Is there something like Redis DB, but not limited with RAM size? [closed]

Tags:

database

redis

nosql

bigdata

I'm looking for a database matching these criteria:

May be non-persistent;
Almost all keys of DB need to be updated once in 3-6 hours (100M+ keys with total size of 100Gb)
Ability to quickly select data by key (or Primary Key)
This needs to be a DBMS (so LevelDB doesn't fit)
When data is written, DB cluster must be able to serve queries (single nodes can be blocked though)
Not in-memory – our dataset will exceed the RAM limits
Horizontal scaling and replication
Support full rewrite of all data (MongoDB doesn't clear space after deleting data)
C# and Java support

Here's my process of working with such database: We've got an analytics cluster that produces 100M records (50GB) of data every 4-6 hours. The data is a "key - array[20]". This data needs to be distributed to users through a front-end system with a rate of 1-10k requests per second. In average, only ~15% of the data is requested, the rest of it will be rewritten in 4-6 hours when the next data set is generated.

What i tried:

MongoDB. Datastorage overhead, high defragmentation costs.
Redis. Looks perfect, but it's limited with RAM and our data exceeds it.

So the question is: is there anything like Redis, but not limited with RAM size?

745

asked Aug 26 '13 15:08

Andrey

2 Answers

Yes, there are two alternatives to Redis that are not limited by RAM size while remaining compatible with Redis protocol:

Ardb (C++), replication(Master-Slave/Master-Master): https://github.com/yinqiwen/ardb

A redis-protocol compatible persistent storage server, support LevelDB/KyotoCabinet/LMDB as storage engine.

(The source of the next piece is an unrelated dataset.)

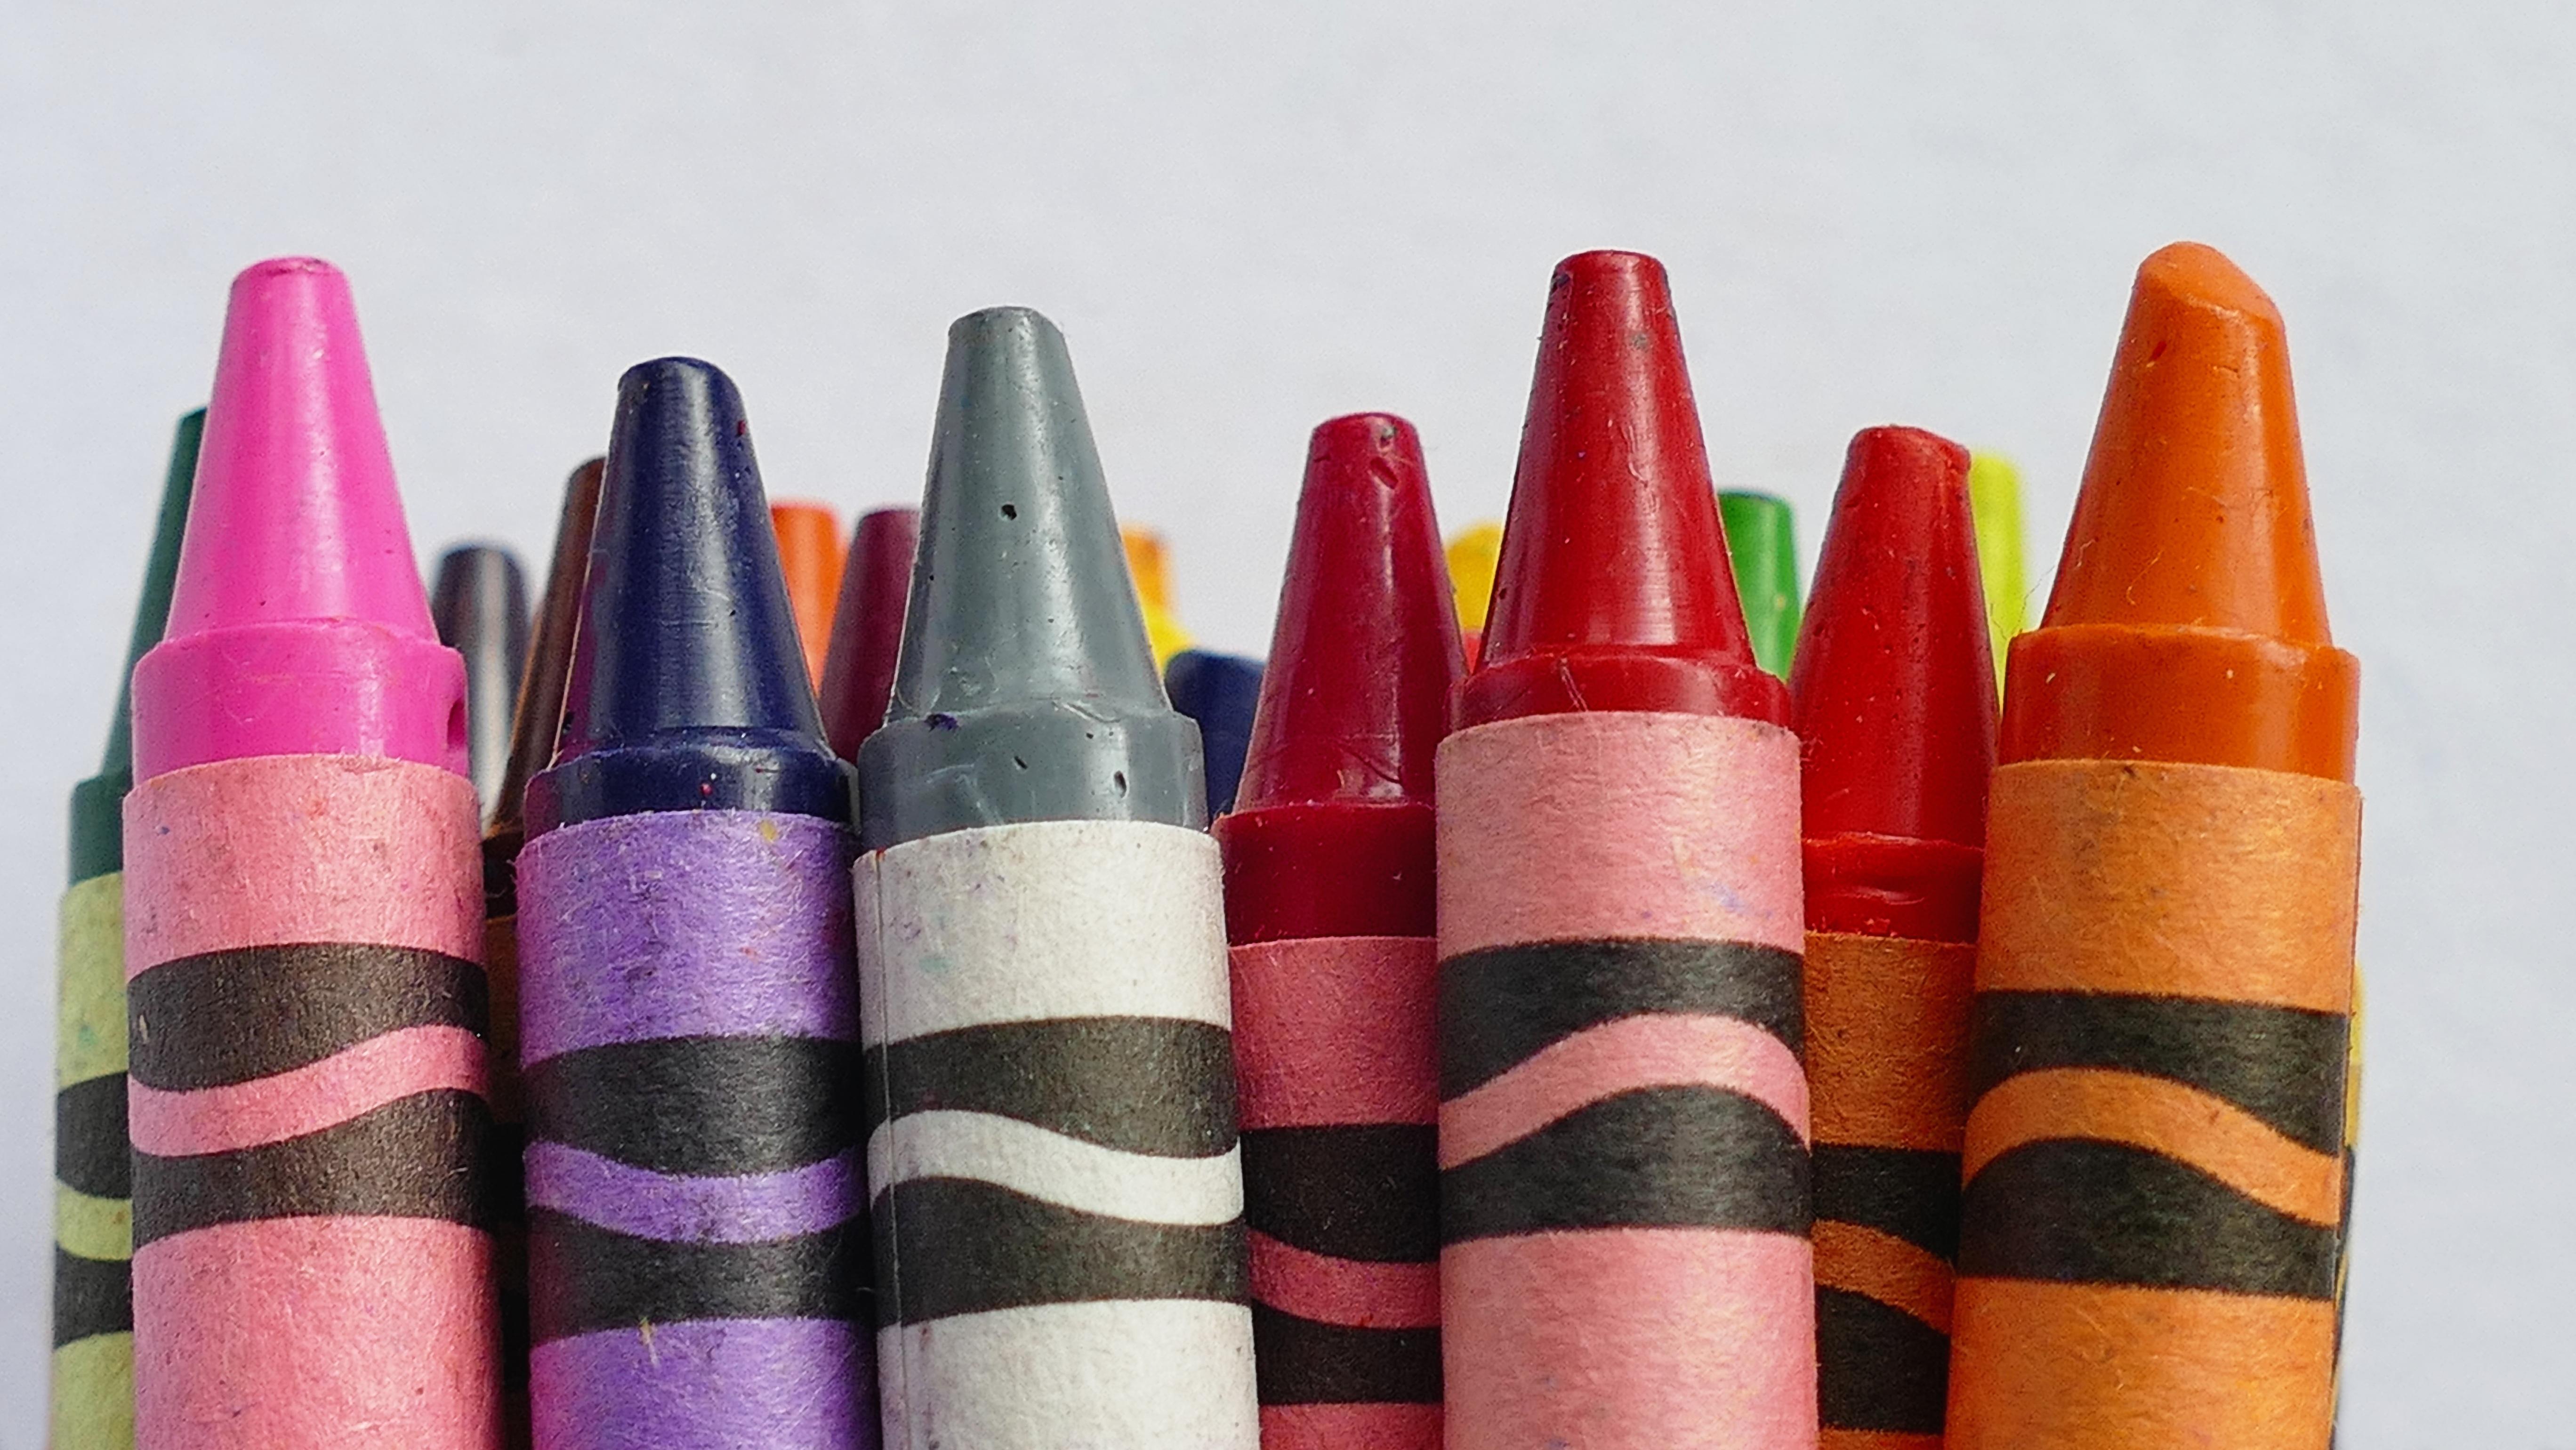 Gambar Pensil Kelompok Ungu Anak Jeruk Hijau Makro
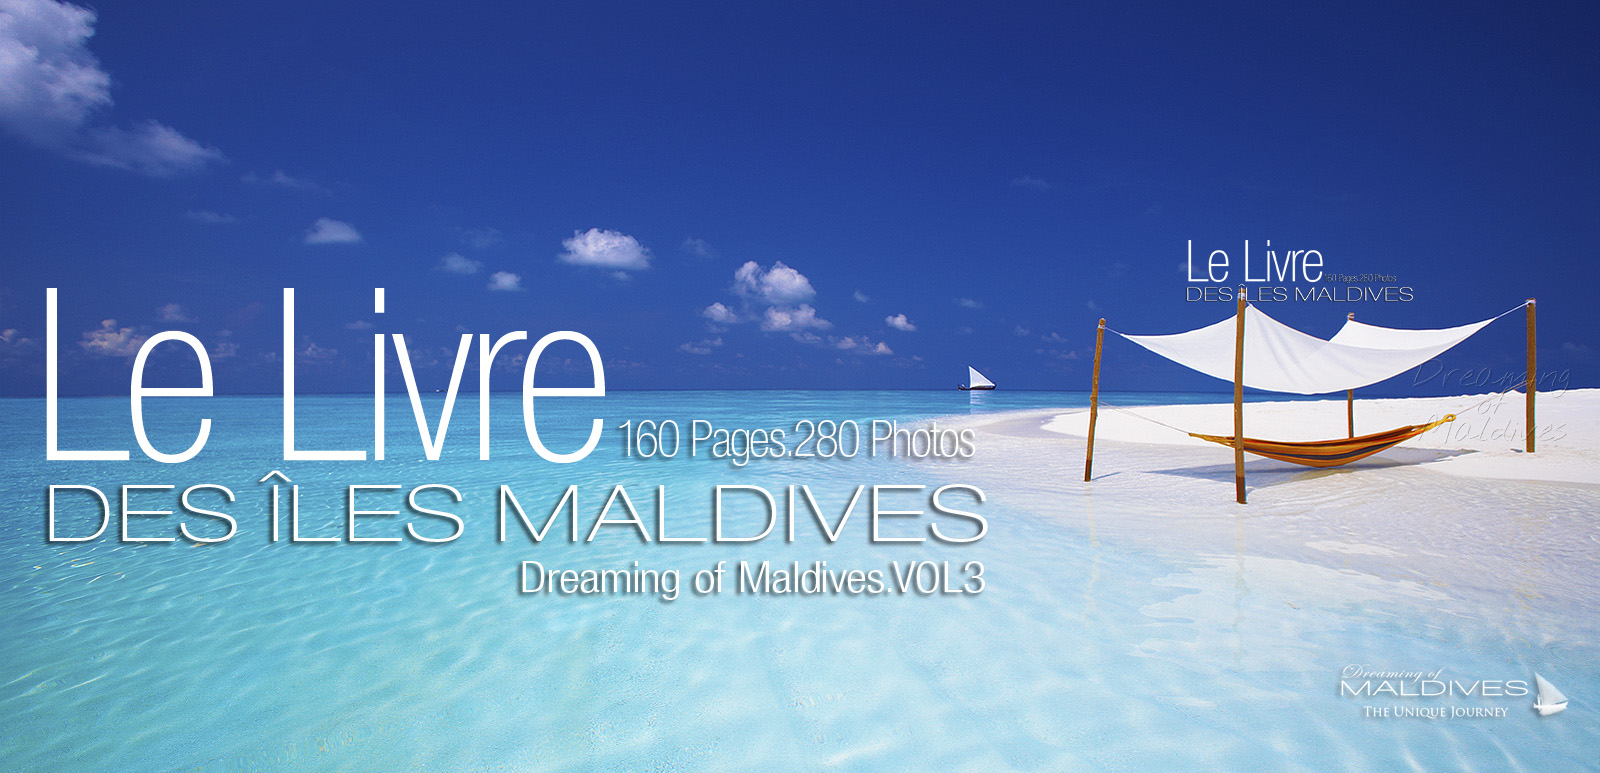 Livre de Photos des Îles Maldives Dreaming of Maldives

Edis (Erlang): https://github.com/cbd/edis

Edis is a protocol-compatible Server replacement for Redis, written in Erlang. Edis's goal is to be a drop-in replacement for Redis when persistence is more important than holding the dataset in-memory. Edis (currently) uses Google's leveldb as a backend.

And for completeness here is another data-structures database:

Hyperdex (Strings, Integers, Floats, Lists, Sets, Maps): http://hyperdex.org/doc/latest/DataTypes/#chap:data-types

HyperDex is:

Fast: HyperDex has lower latency, higher throughput, and lower variance than other key-value stores.

Scalable: HyperDex scales as more machines are added to the system.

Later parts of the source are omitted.